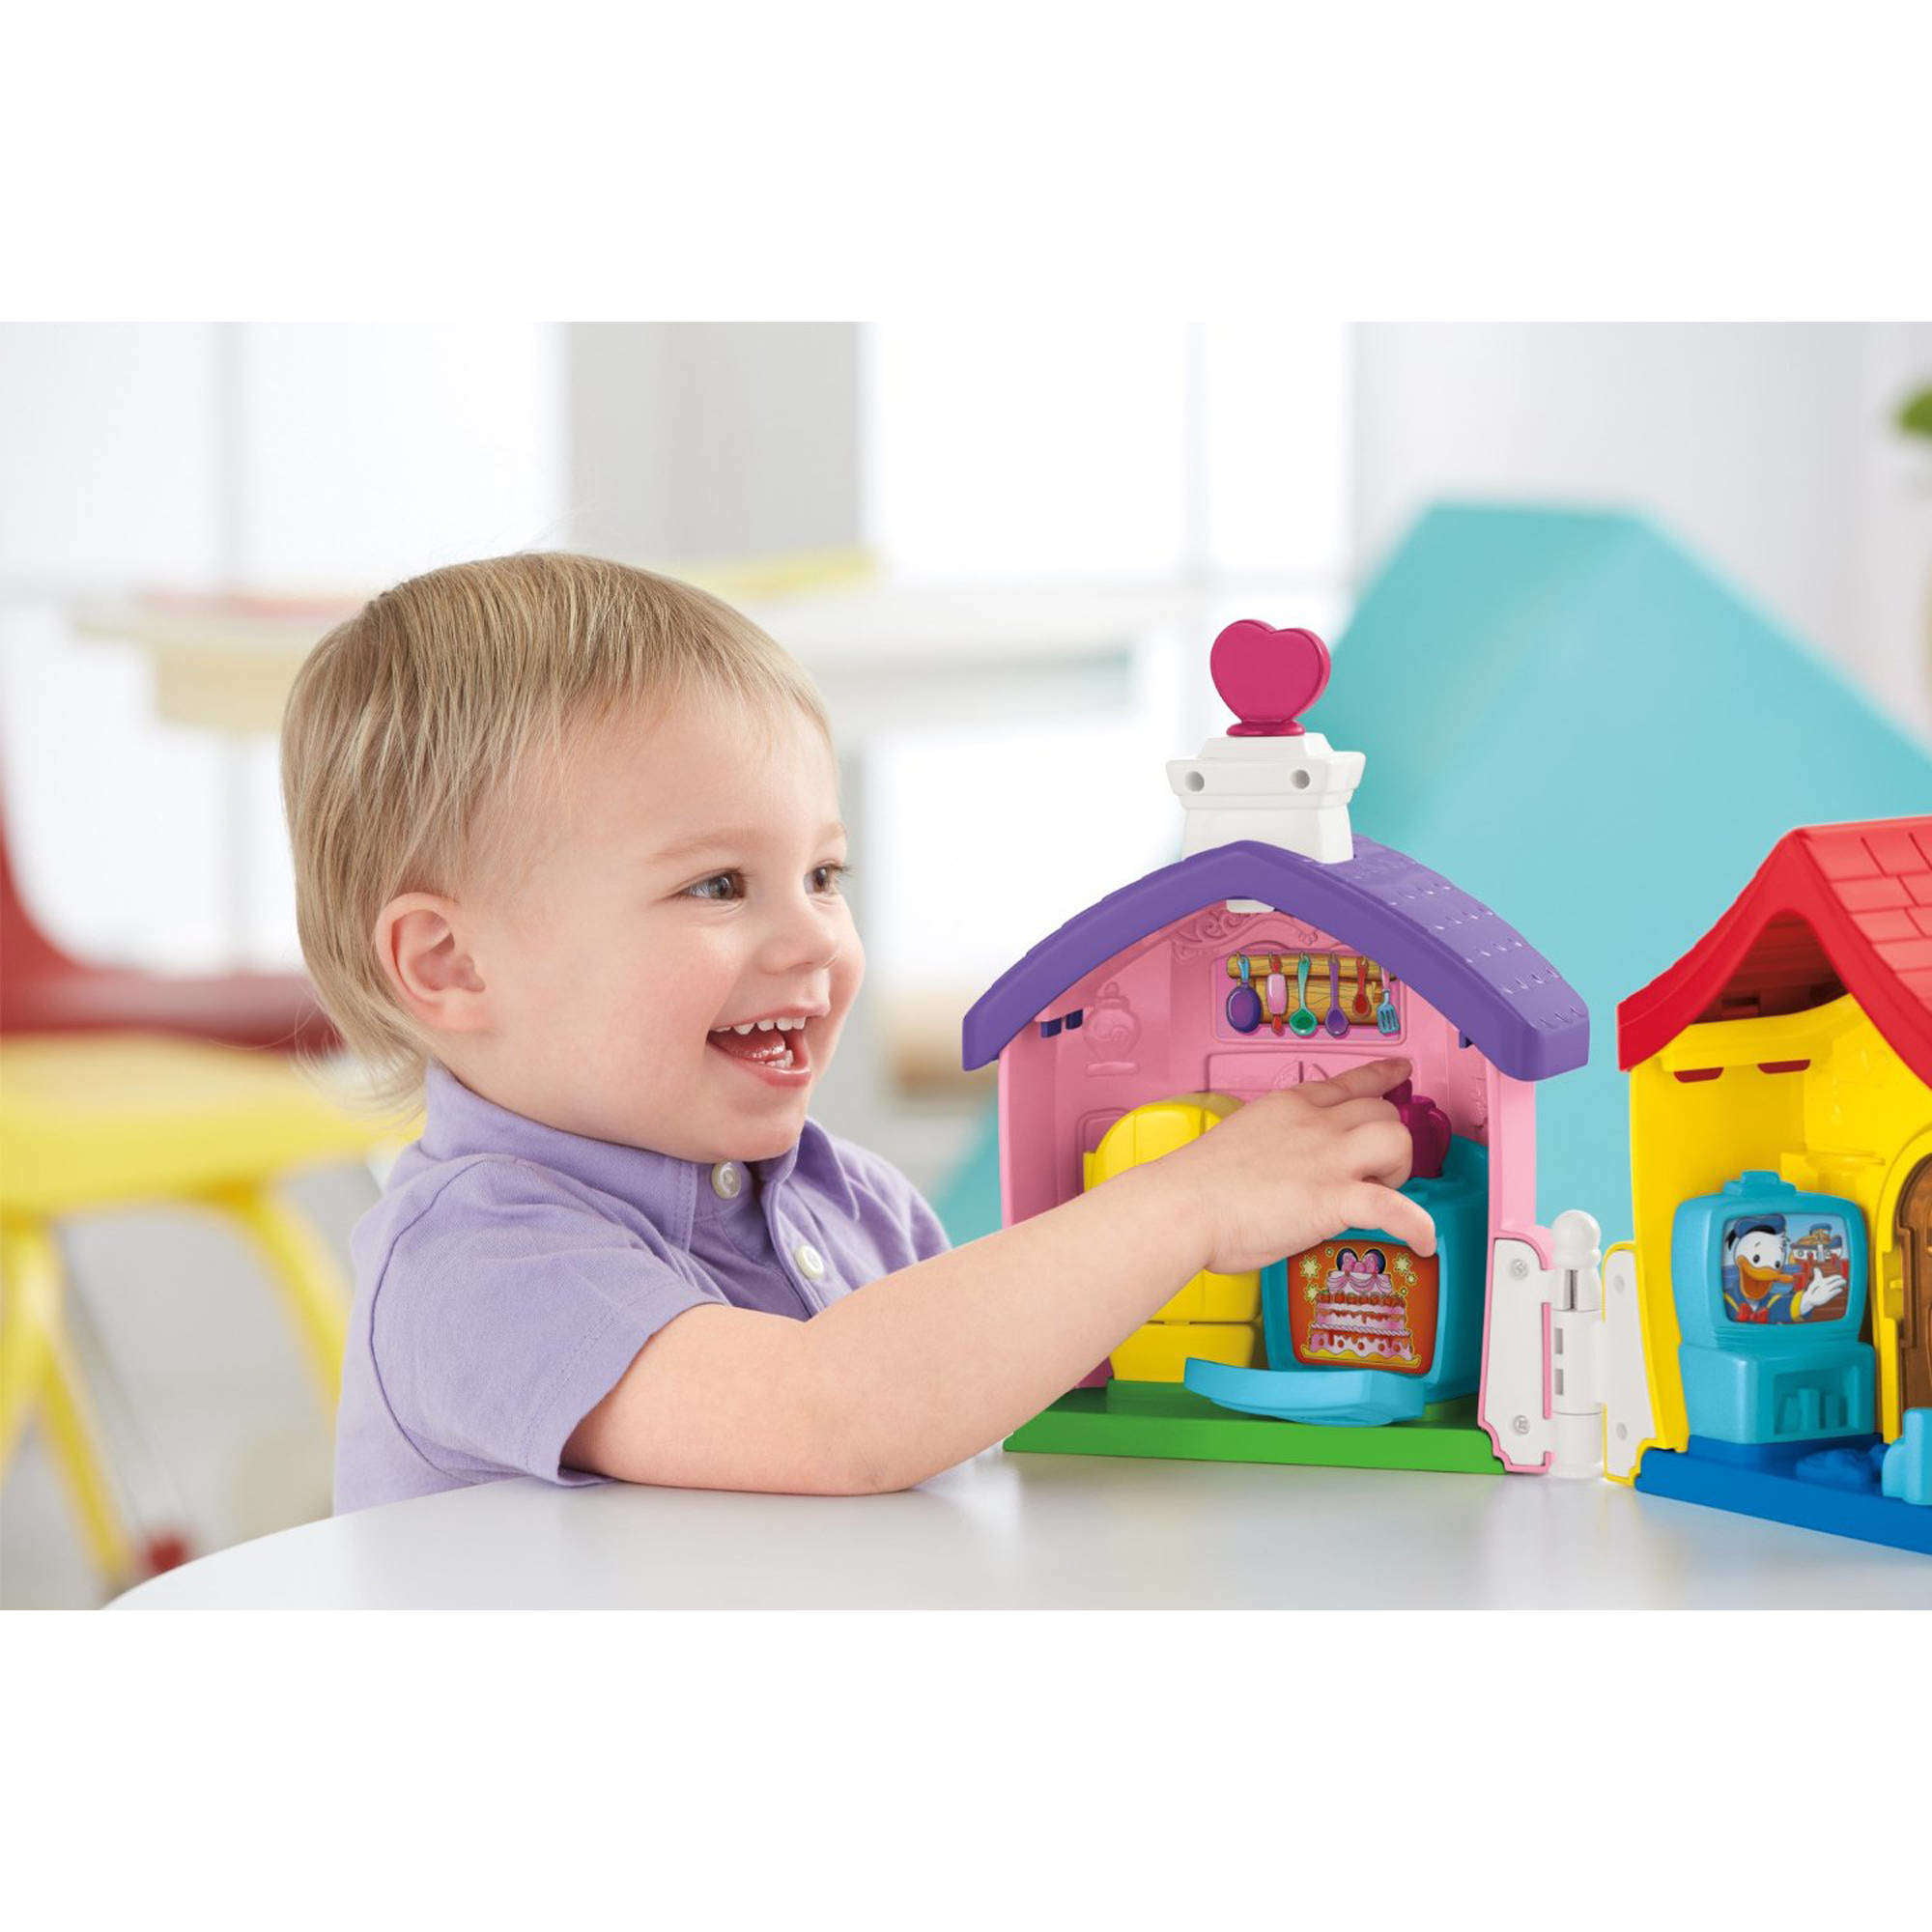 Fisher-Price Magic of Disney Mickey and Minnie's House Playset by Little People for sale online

...

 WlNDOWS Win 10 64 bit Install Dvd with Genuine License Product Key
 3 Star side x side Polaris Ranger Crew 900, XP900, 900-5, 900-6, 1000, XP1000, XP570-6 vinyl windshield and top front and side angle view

## ASSIGNMENT
Restate word for word the entries above from the line with "WlNDOWS Win 10" through the line with "3 Star side", inclusive, leaving out everything else.

## REPLY TO THE EXERCISE
 WlNDOWS Win 10 64 bit Install Dvd with Genuine License Product Key
 3 Star side x side Polaris Ranger Crew 900, XP900, 900-5, 900-6, 1000, XP1000, XP570-6 vinyl windshield and top front and side angle view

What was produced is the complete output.